I only carried one small onboard piece of luggage for my 6-day stay, so I was out the airport in a flash. Nobody gave me hassle, everyone was pleasant, I walked out of arrivals, turned left and a row of yellow metered airport-taxis awaited me. The driver was great, chatted nicely and we headed into Makati to my hotel (cost about $40 for the night, was 24 minutes from the airport and central to a nice nightlife area). BTW, taxis prices and traffic were similar to Bangkok. https://www.agoda.com/en-gb/hotel-du....html?cid=-218



You can see the airport at the bottom; the star where I stayed the first night; the smaller polygon for the Mall of Asia where I was fortunate enough to meet Katie23 on the last day of the trip; top left you can see the walled-city where I visited with Katie23 and have many photos later. 

Here's the hotel (the staff were very friendly and efficient - I don't think I met a single Philippine who wasn't friendly and polite during my entire stay):







I had a bite to eat then had a look around and a couple of beers...



There were nice restaurants which were akin to Thonglor, there were bars and restaurants which were akin to upper-Suk, and there was a street that had a dozen or so interspersed bars with ladies (and katoeys for Papillion) that was similar in some ways to Soi Cowboy, but less tacky, felt less outright dirty, and the people around were much friendlier and less 'aggressive'. I had a good look around, the area seemed safe, people were friendly including the touts and doormen. I had a decent drink and made it back to the hotel just after 4am... I planned to get up at 6am for the bus.

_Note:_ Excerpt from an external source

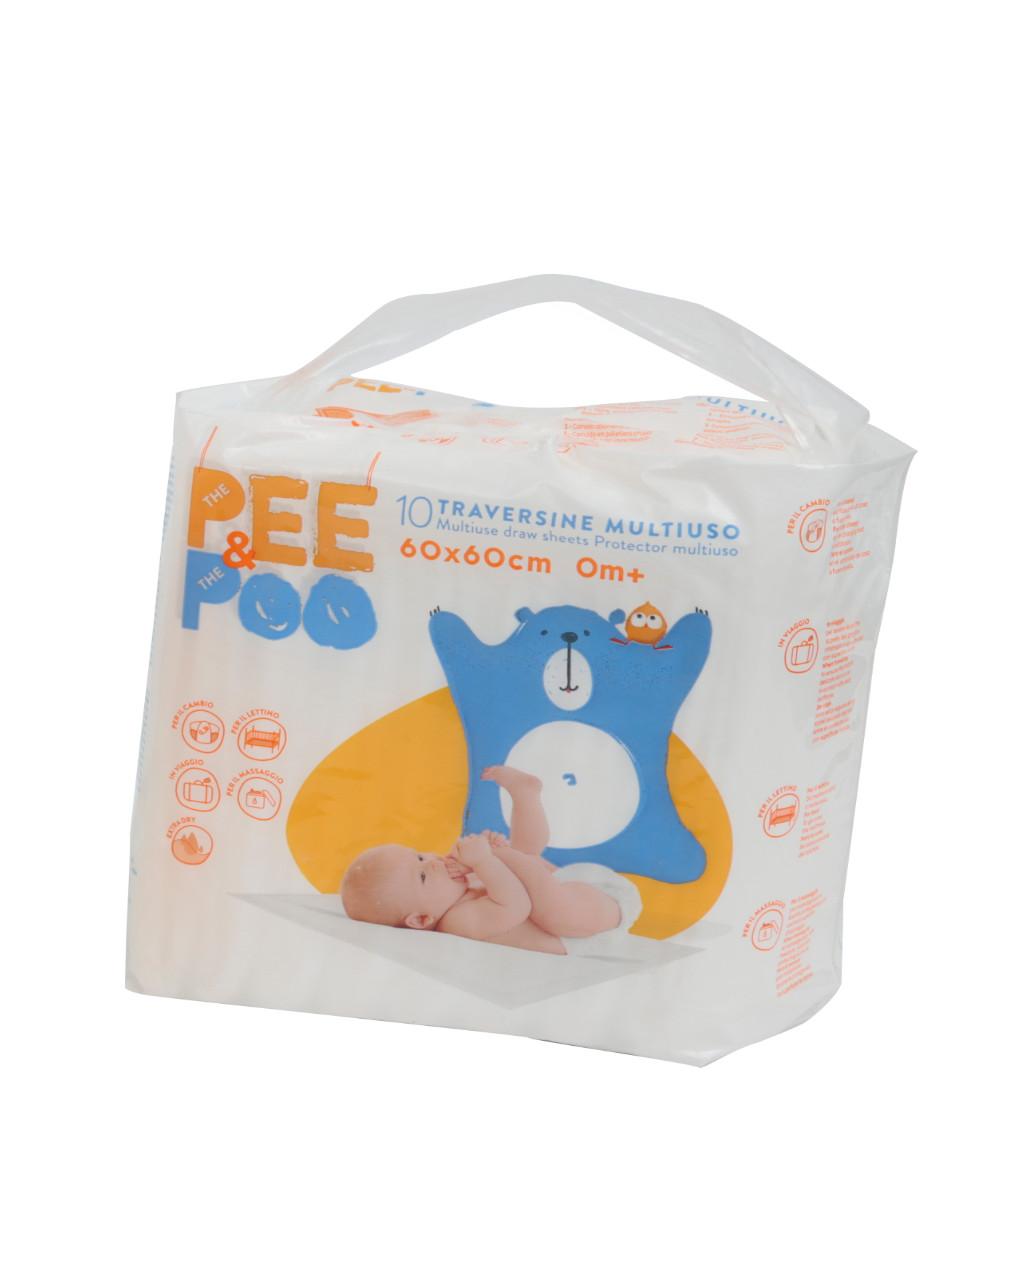 O xixi e o cocô traversina 60x60 - The Pee & The Poo

In case one is wondering, I found the Philippine ladies of the night to be very friendly and easy to talk to (I didn't wanna shag anybody, but I did want to get a 'feel' for the area) although personally Thai ladies are generally speaking more attractive to my mind. Having said that, attraction is not only at the surface level, and maybe it was the lack of language barrier, maybe the genuine friendliness, I cannot say for sure, but the Philippine people generally were very nice and easy to be around.

----------


## kmart

Travel, good looking girls (and boys), and prescription drugs.. This thread has it all.  :bananaman: 

Nice one, Betty. Green owed.

----------


## Bettyboo

Thanks to all who advised on where to go on this trip and why, especially Katie23's great photo threads. There are so many islands and lovely places to visit, but I decided upon, a bit of a look around Manila, using many different local forms of transportation and most days relaxing on an island doing some work, eating some food, drinking a few beers...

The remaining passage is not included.